What is expected » None of the images should appear in your copy. Transcribe the data in full.

The data »

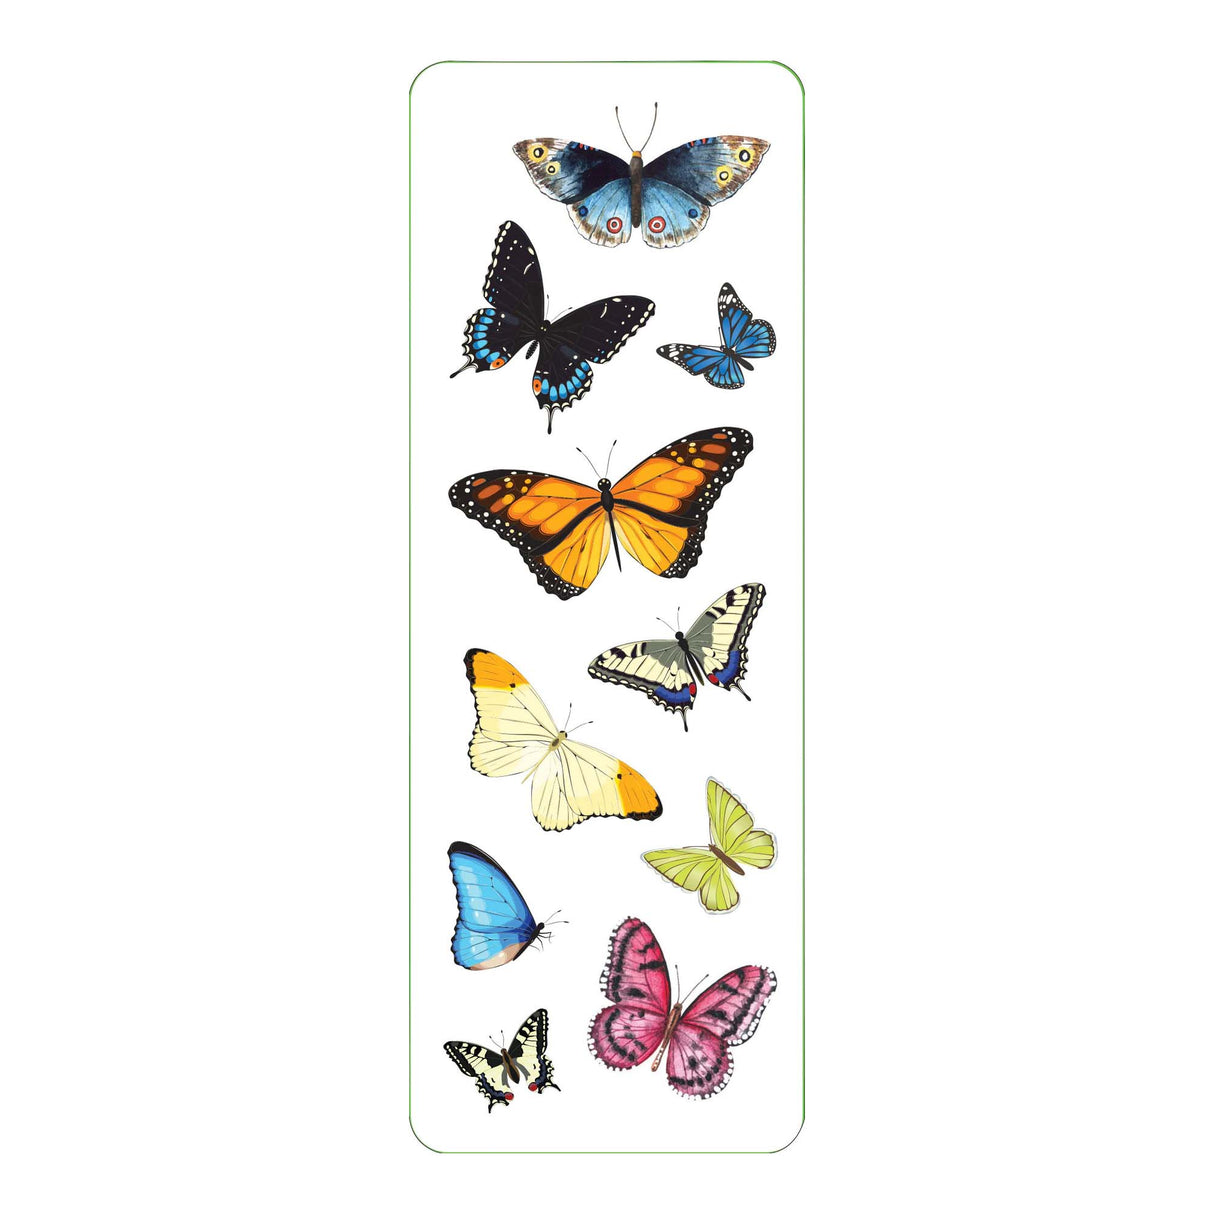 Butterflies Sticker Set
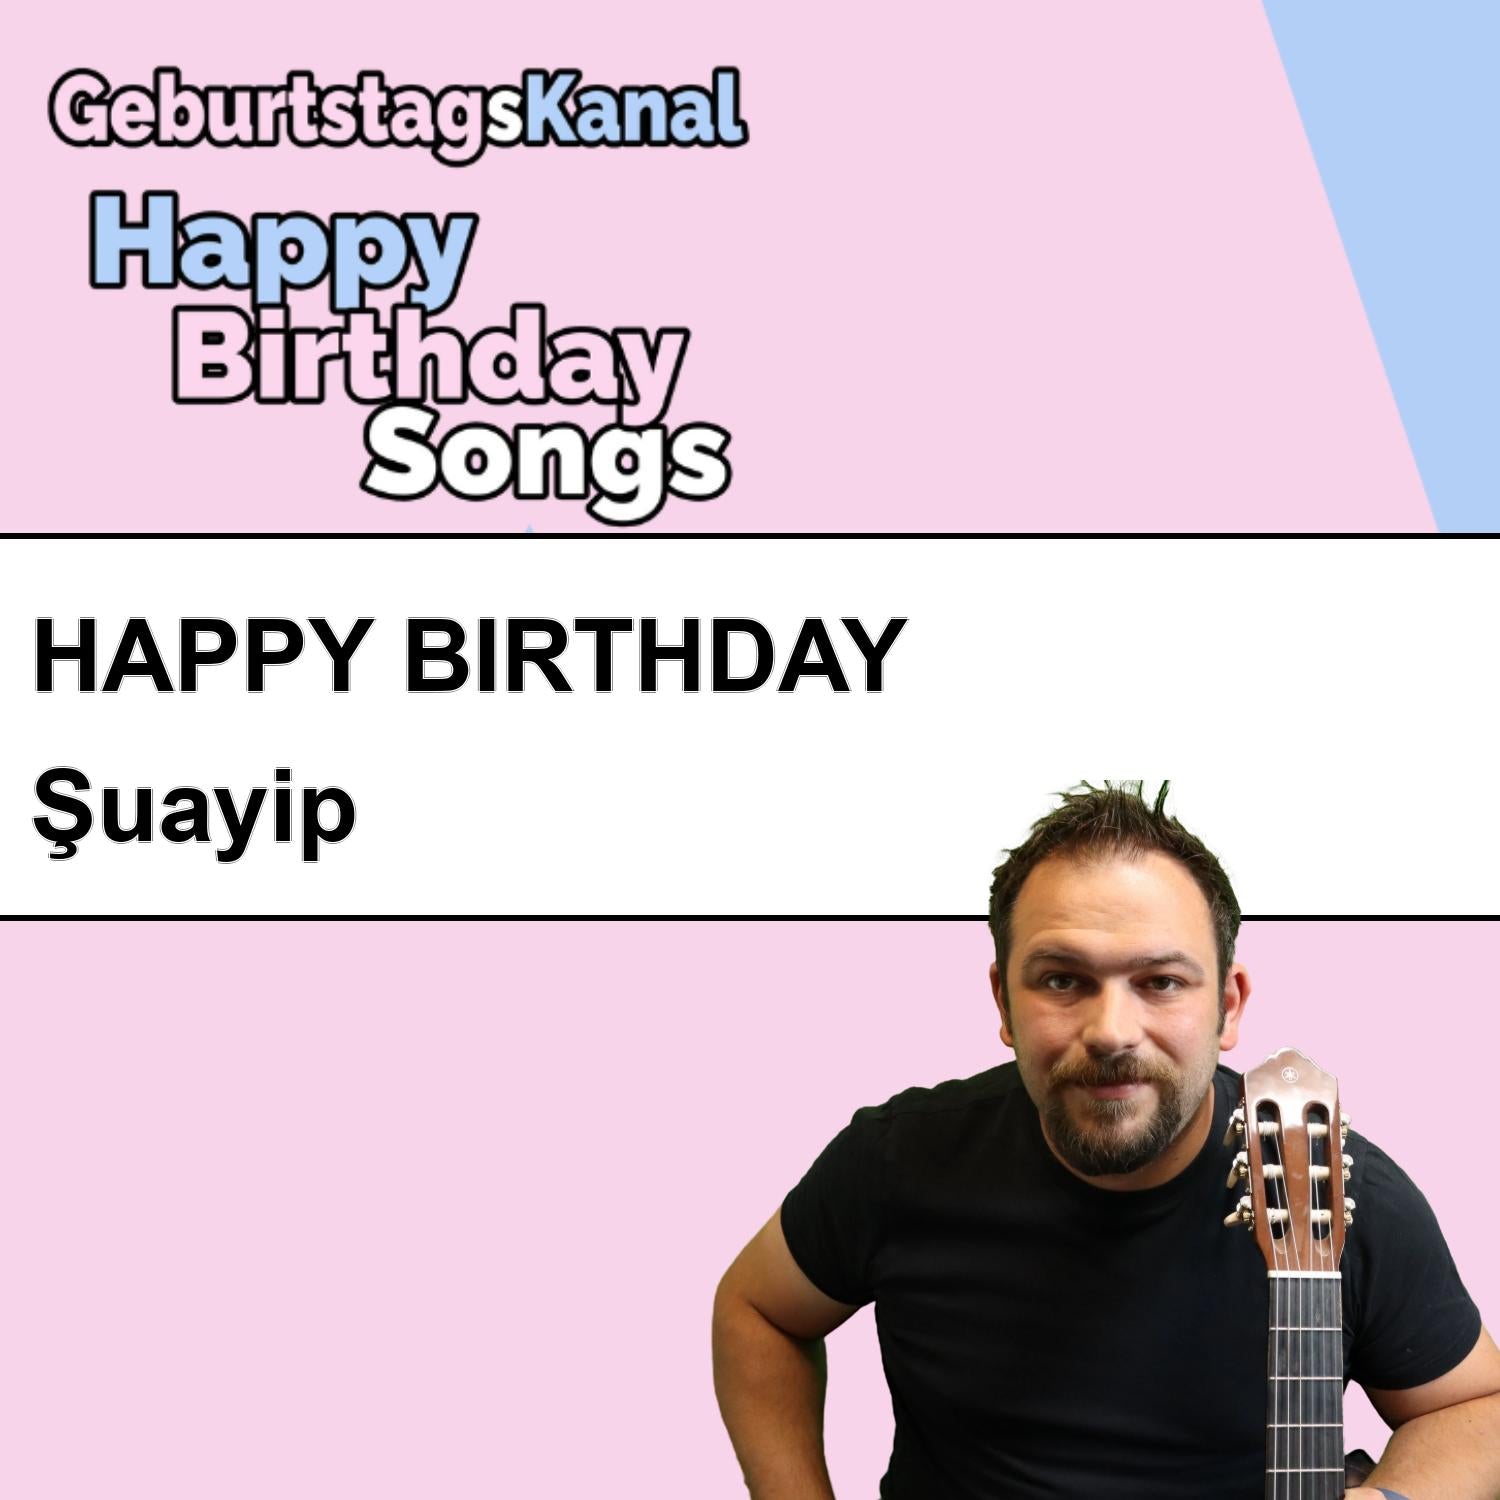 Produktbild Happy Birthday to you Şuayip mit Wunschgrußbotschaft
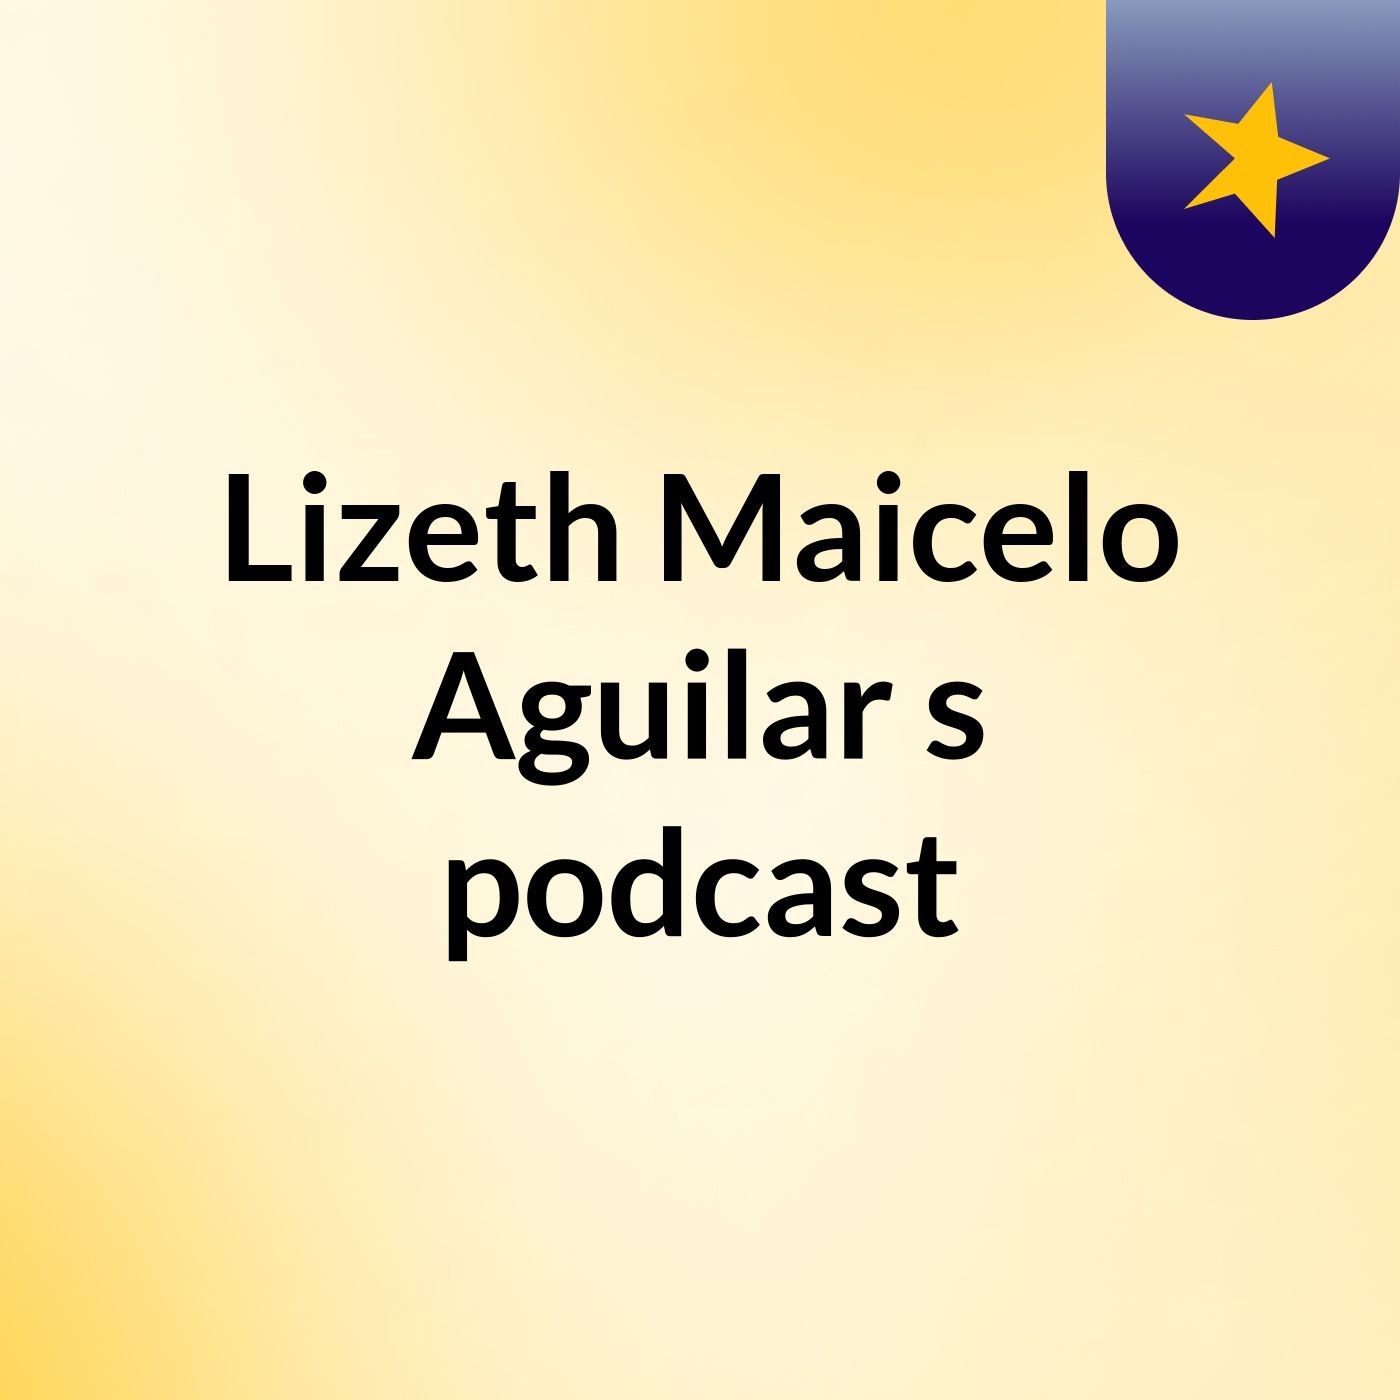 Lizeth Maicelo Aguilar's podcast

Solution to this exercise »
 Butterflies Sticker Set
 Produktbild Happy Birthday to you Şuayip mit Wunschgrußbotschaft
 Lizeth Maicelo Aguilar's podcast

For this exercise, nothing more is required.